In addition to the established genetically determined risk factors for VTEs mentioned above, a number of other risk factors is described in the literature which may be associated with an increased risk of thrombosis in pregnancy or which, in the case of the simultaneous appearance with other thrombophilic risk factors, may modulate the risk of thrombosis caused by these factors. These include, for example, the homozygous variants (4G/4G) of the 4G/5G polymorphism of the plasminogen activator inhibitor type 1 (PAI-1), the increase in the level of plasma coagulation factors, as well as the increase in lipoprotein (a) and homocysteine. The influence of these not generally accepted and subordinate risk factors on the risk of thrombosis in pregnancy is not precisely defined, nor is their interaction with other thrombophilic risk factors. Thus these factors should generally not be used to estimate the risk of thrombosis during pregnancy.

Acquired thrombophilia: Antiphospholipid syndrome (APLS)

Among the acquired coagulation disorders, APLS is considered to play a significant role in the development of thrombotic events during pregnancy [25], [31]. In addition to venous and arterial thromboses, this clinical picture is characterised by a tendency for spontaneous miscarriages and other pregnancy complications. Antiphospholipid (APL) antibodies can be detected in affected persons, whereby APL antibodies active in coagulation (lupus anticoagulants) should be differentiated from those which have no effect on coagulation tests (in particular cardiolipin antibodies and β₂ glycoprotein-I antibodies). The diagnosis of an APLS can then only be made if at least one of the above clinical signs is present and one or more of the above APL antibodies can be verifiably detected in a chronological connection; by contrast, the findings of positive APL antibodies without a clinical correlation do not permit the diagnosis of an antiphospholipid syndrome, however allow an increased risk of complications to be suspected. Close management of asymptomatic pregnant women with increased APL antibodies is therefore recommended.

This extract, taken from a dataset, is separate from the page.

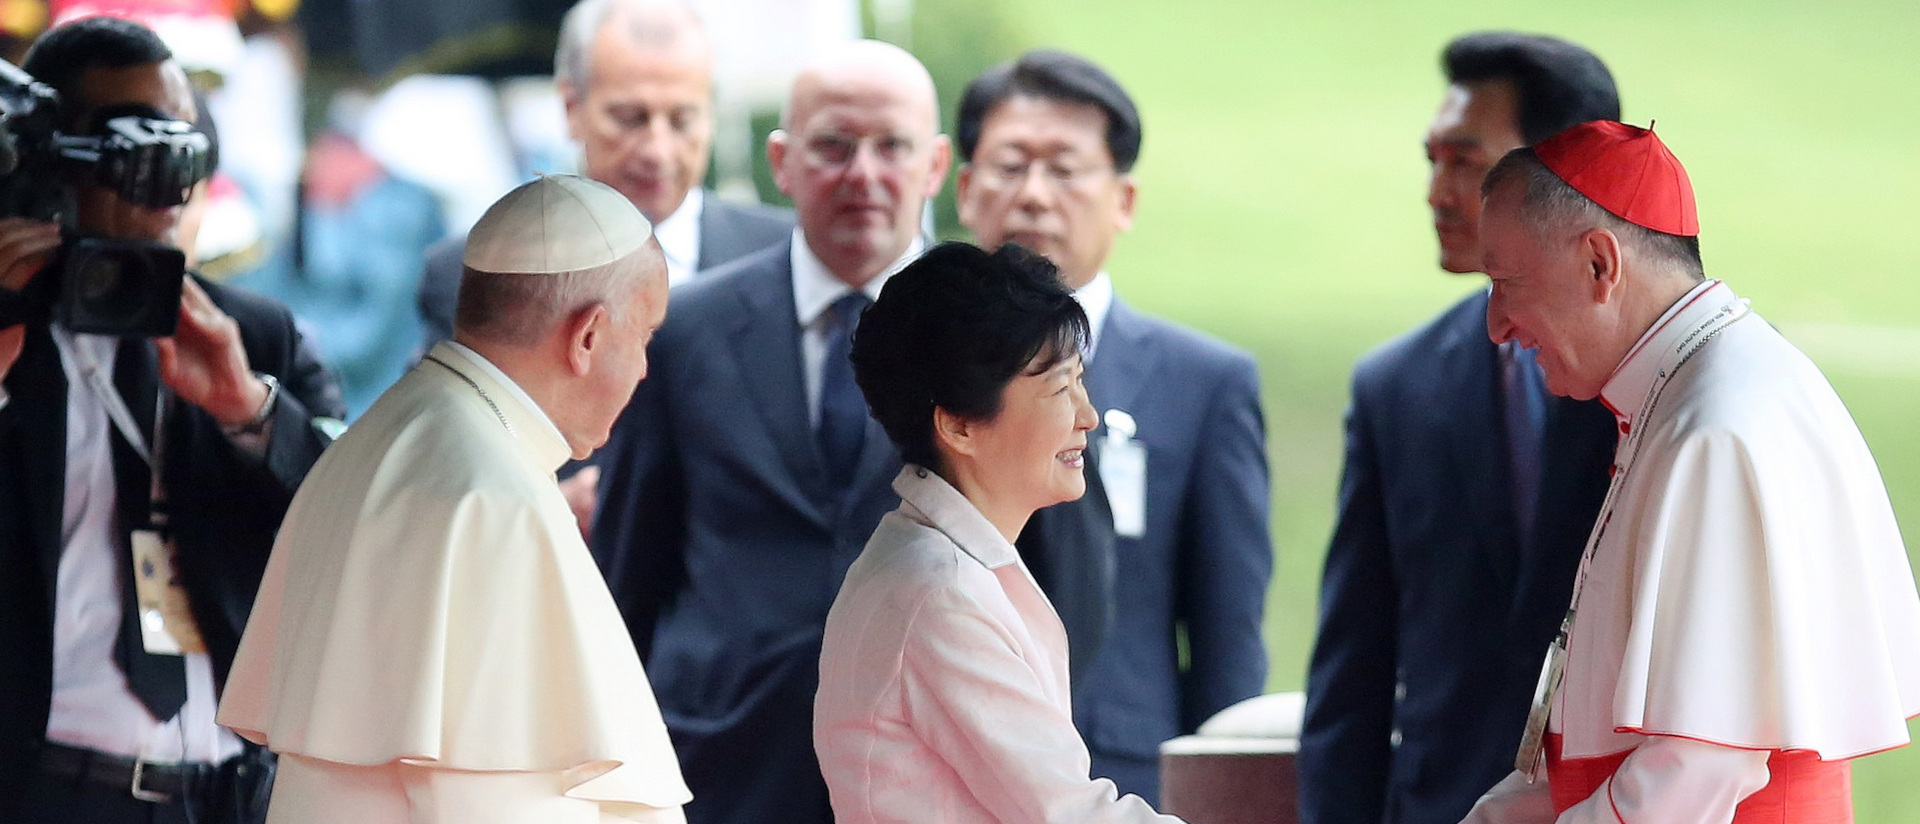 Ein Bild aus dem Jahre 2014: Park Geun-hye, damalige Präsidentin von Südkorea, mit Papst Franziskus und Pietro Parolin (rechts).

Older age during pregnancy

The influence of age of the pregnant woman on the risk of thrombosis has been investigated in numerous studies with results that have not been entirely consistent. Case-control studies revealed that the relative risk for pregnancy-associated VTEs at an age of > 35 years is approximately twice as high as at an age of ≤ 35 years [32].

Obesity

Obesity is fundamentally associated with a slight increase in risk for VTEs. For pregnancy-associated VTEs, a relevant increase in risk has been demonstrated in the case of a body mass index (BMI) over 30 kg/m² [9], [33], [34]. In a large population-based cohort study in the United States, pregnant women with a BMI ≥ 40 kg/m² (measured before pregnancy) had an adjusted odds ratio for prenatal VTEs of 2.9 (95% confidence interval 2.2 – 3.8) and for postpartum VTEs of 3.6 (95% confidence interval 2.9 – 4.6), as compared to pregnant women of a normal weight [35]. In view of this finding, the authors of the study consider the significance of the risk factor of obesity in the current guidelines on VTE prophylaxis in pregnancy, for example from the ACCP (American College of Chest Physicians) [36], RCOG (Royal College of Obstetricians and Gynaecologists) [32] and ACOG (American College of Obstetricians and Gynecologists) [37] to be only inadequately represented. In the German S3 guideline on VTE prophylaxis as well, a BMI > 30 kg/m² is listed only as a risk factor for non-pregnant women and its relative significance is classified as “moderate” [38].

Caesarean section

Compared to a spontaneous delivery, a Caesarean section is associated with a risk of postpartum thrombosis which is about twice as high [6], however the absolute risk is still relatively low.

Infertility treatment

Nowadays, women with sterility or (recurrent) miscarriages frequently undergo “fertility treatments”. A component of these treatments is generally the application of sex hormones for hormone stimulation. As a result, depending on the nature and dosage of the hormone administered, an increase in the risk of thrombosis is induced, especially in the first trimester of pregnancy [39], [40], [41]; this should therefore be taken into consideration clinically. Particularly after past thrombotic events and/or if clinically relevant thrombophilia is present, conducting hormone stimulation as part of infertility treatment may possibly be associated with an increased risk and there should therefore be a careful consideration of the risks and benefits, because hormone application is formally contraindicated if there is an existing tendency to develop a thrombosis. For patients at risk, interdisciplinary management by the infertility centre and a haemostaseological facility is recommended to precisely assess the risk of thrombosis and, where applicable, develop an optimal strategy for thrombosis prophylaxis during stimulation and in any subsequent pregnancy [9], [42].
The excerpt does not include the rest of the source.